Fig. 4: Distribution of holistic bursting (HB) cells in auditory cortex.
figure 4

a Superposition of all identified HB cells followed by sequentially performed wide-field epifluorescence imaging (tonotopic mapping) and two-photon imaging (identifying HB cells). Dotted lines outline the boundaries of identified tonotopic map areas of A1 (Primary Auditory Cortex), A2 (Secondary Auditory Cortex) and AAF (Anterior Auditory Field). Note that the selection of two-photon imaging FOVs were evenly distributed in the circular cranial window (outer solid ring) across this cohort of 8 mice in order to minimize bias for the superposition of maps. b Example animal showing the relation between pure-tone response zones (sequentially tested tones: 4k, 8k, 16k, 32 kHz, labeled by colored shades as legend on graph) and the chord response zones acquired by wide-field imaging (yellow and blue dotted lines as legend on graph). The locations of HB cells identified in this animal are also overlayed. c Distribution of HB cells (total 81 cells) in the classical tonotopic map. d Distribution of HB cells in the chord specific map.
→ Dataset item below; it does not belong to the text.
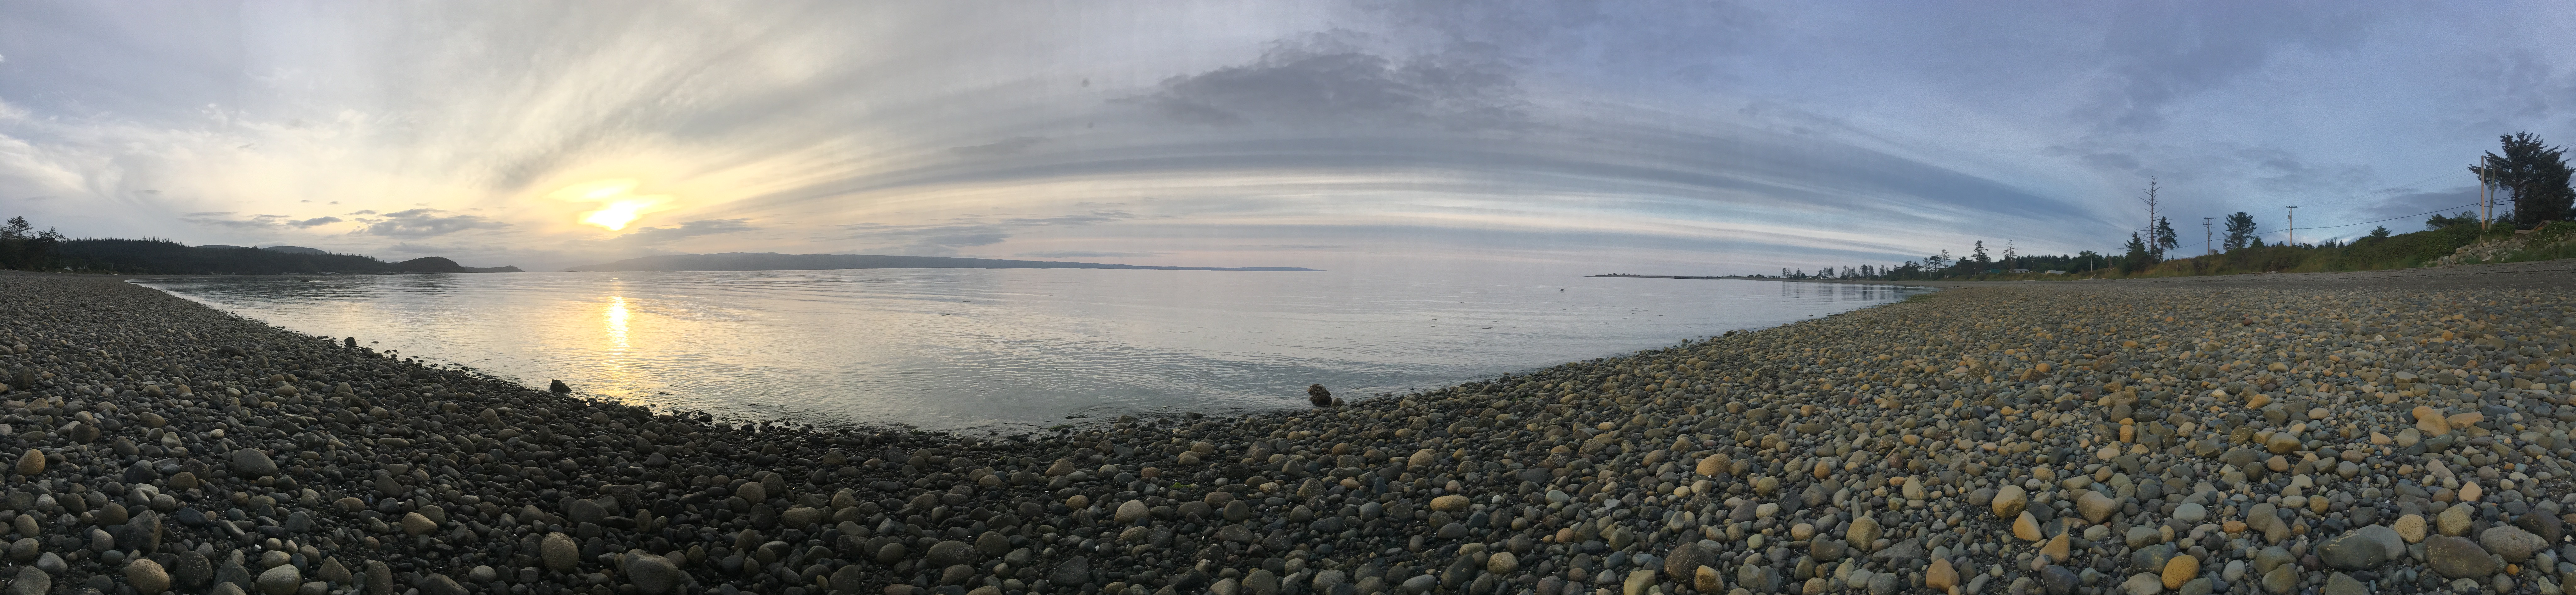 Sandspit beach at sunset

Establishing a pharmacological ‘loss-of-function’ intervention of HB cells in behaving animals

So far, multiple independent lines of evidence under different behavioral conditions (equal-valued choice reversal, remote recall, extinction & reassociation) suggest that HB cells in AuC L2/3 embody a long-term memory of learned, behaviorally relevant composite sounds, prompting us to probe a relation between the bursting activation of HB cells and instantaneous memory readout. To this end, a test of sound-associated licking upon the inactivating manipulation of HB cells (‘loss-of-function’) is mandatory, because sound-associated licking events are almost always accompanied by bursting of HB cells bursts prior to licking initiation (Supplementary Fig. 3), but in contrast, HB cell bursts are not always accompanied by a subsequent licking action (see also Fig. 5 of our previous study34). Furthermore, spontaneously licking events occurring in the absence of sound stimuli are rarely accompanied by HB cell bursts (Supplementary Fig. 3). As HB cells are widely distributed throughout all primary and secondary auditory cortical areas (Fig. 4), we sought a pharmacological intervention that could act as a ‘low-pass filter’ of neuronal firing, i.e., suppressing high-frequency bursting neuronal output but not significantly suppressing non-bursting outputs in a sufficiently large yet limited volume of cortical tissue. Previous studies suggests that isoflurane exerts a very selective suppression effect on high-frequency activities at the order of magnitude of ~100 Hz40,41 which is in the same range as the bursting of HB cells when evoked by learned sounds. Here, during gaseous isoflurane application as general anesthesia (Fig. 5a), HB cells were severely suppressed, and all lost their bursting responsiveness (Fig. 5b, c left, 9 of 9 HB cells). Notably, the majority of neurons (277/286) in the same imaging FOV as non-HB cells could still exhibit non-bursting responses to the same sound stimulus, and Bayes factor analysis42 yielded ‘absence of evidence’ of the suppression effect on non-HB cells (Fig. 5b, c right). HB cells recovered bursting responsiveness 60 min after removal of the isoflurane in the inhalant (Fig. 5b, c left, 8 of 9 HB cells, P = 0.81, chi-square test), likewise, the sound-evoked licking behavioral performance also recovered to a level >90% at the same timepoint of imaging (Fig. 5d).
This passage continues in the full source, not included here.